*** Dataset content ***

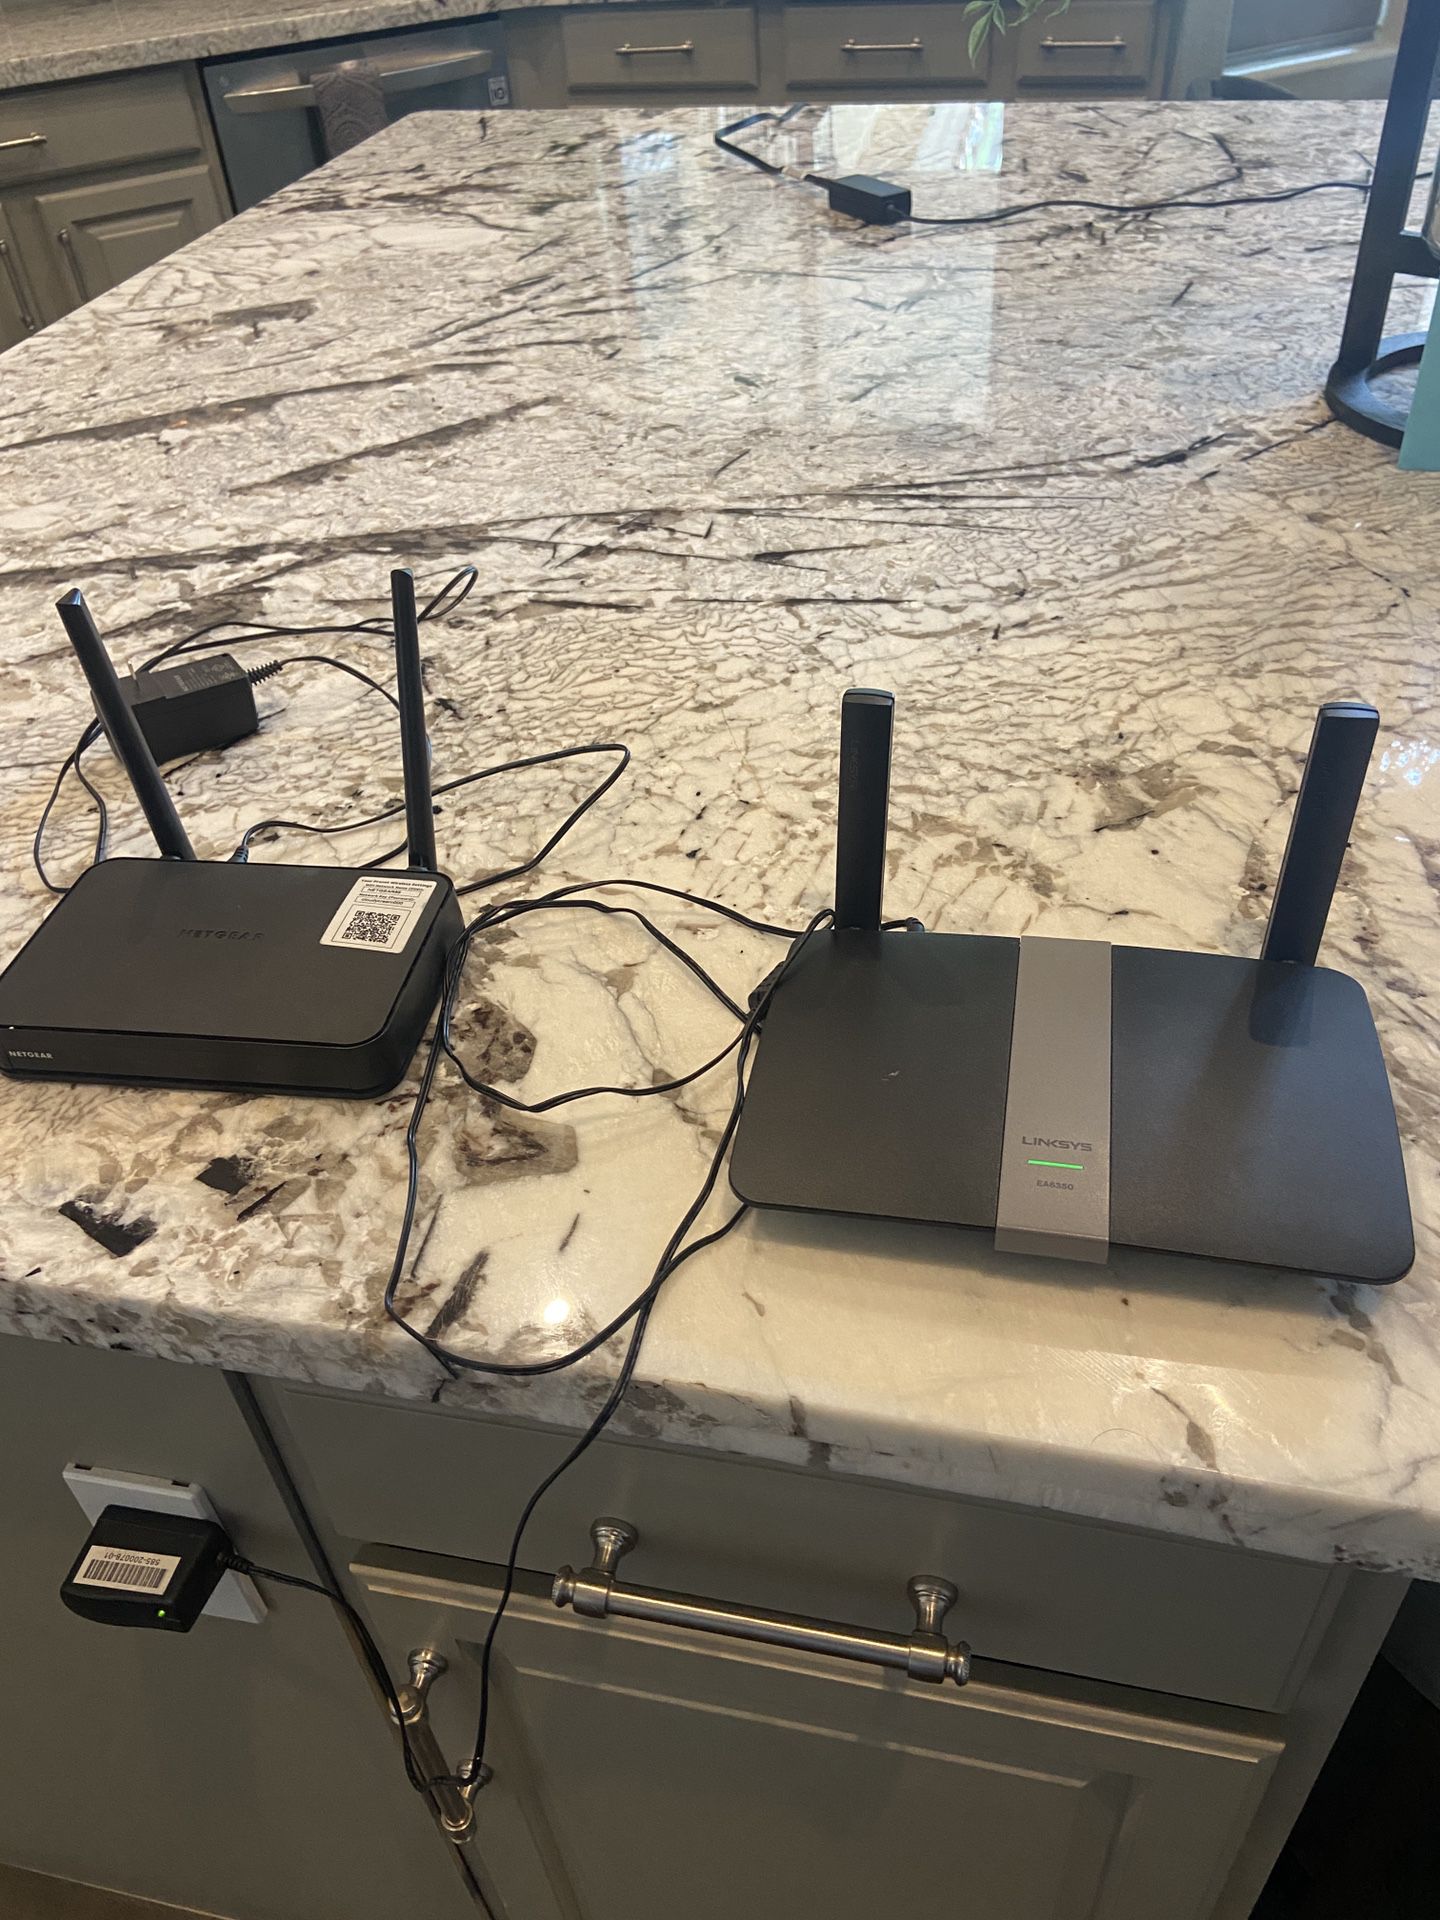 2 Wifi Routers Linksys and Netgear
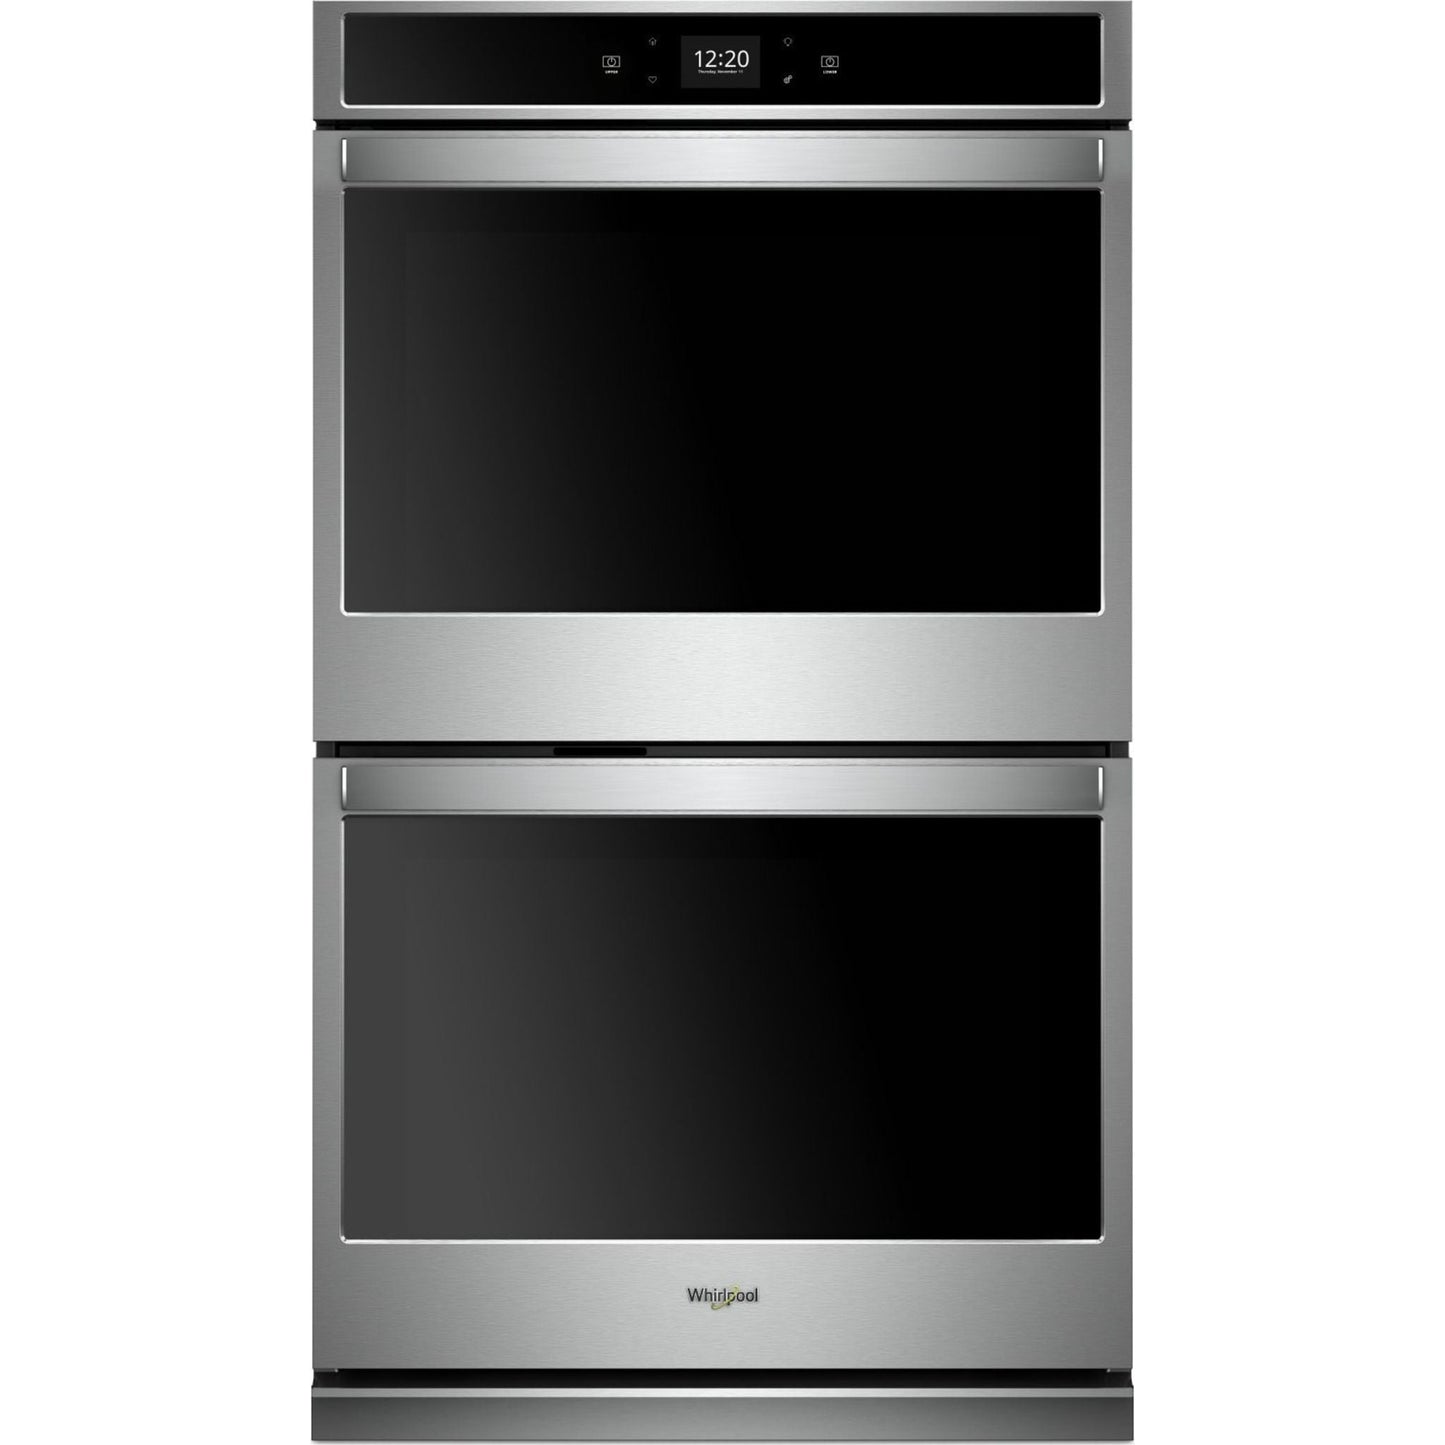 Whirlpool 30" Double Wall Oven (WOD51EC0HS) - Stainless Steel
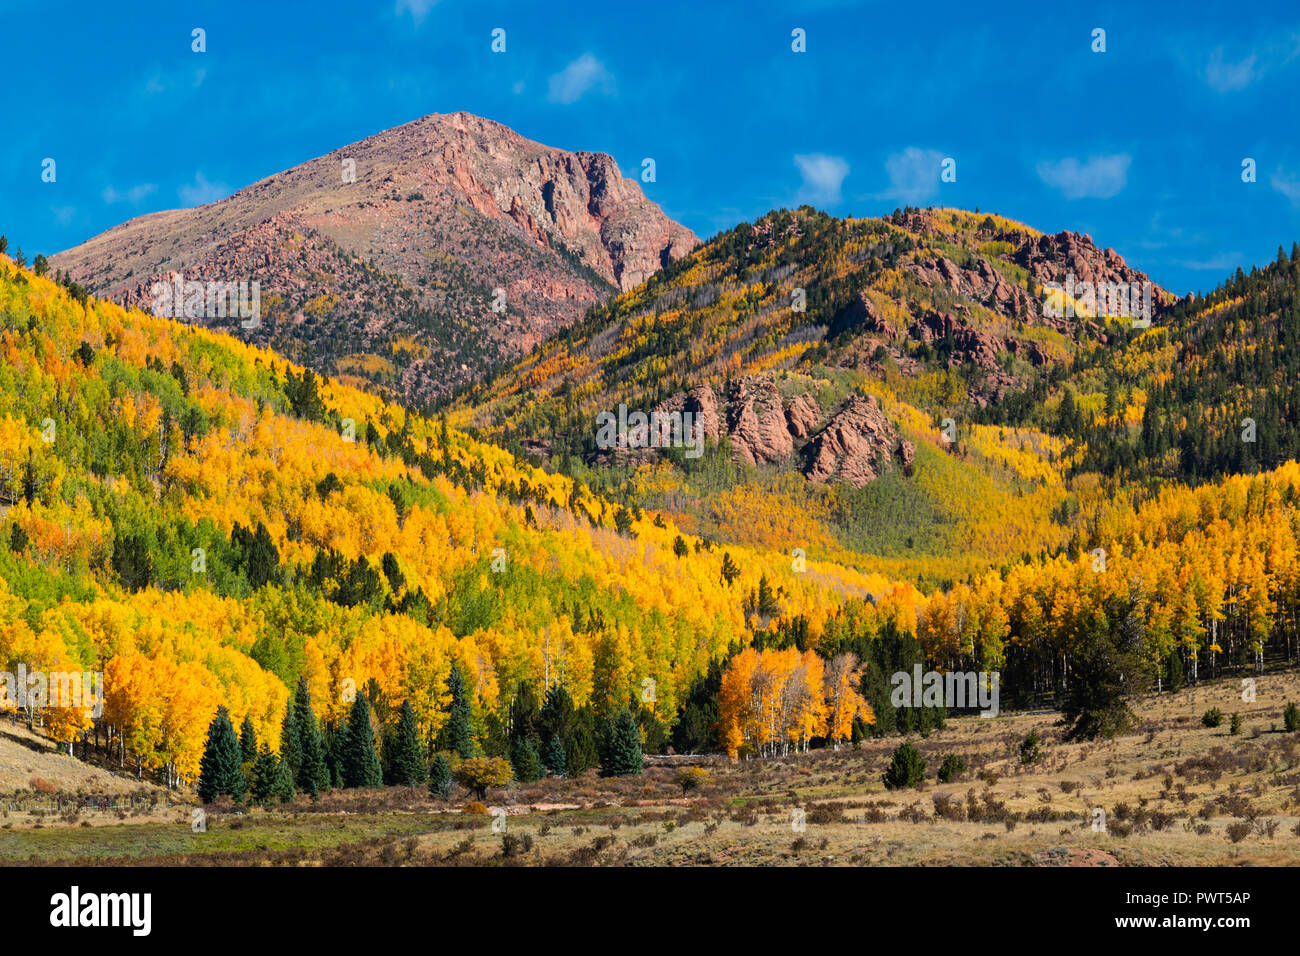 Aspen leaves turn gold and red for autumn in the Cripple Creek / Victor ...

*** End of Dataset content ***

■ Problem ■
In the data above, find the line containing "- Stainless Steel", then output it and every later line exactly, without the pictures.

■ Response box ■
 Whirlpool 30" Double Wall Oven (WOD51EC0HS) - Stainless Steel
 Aspen leaves turn gold and red for autumn in the Cripple Creek / Victor ...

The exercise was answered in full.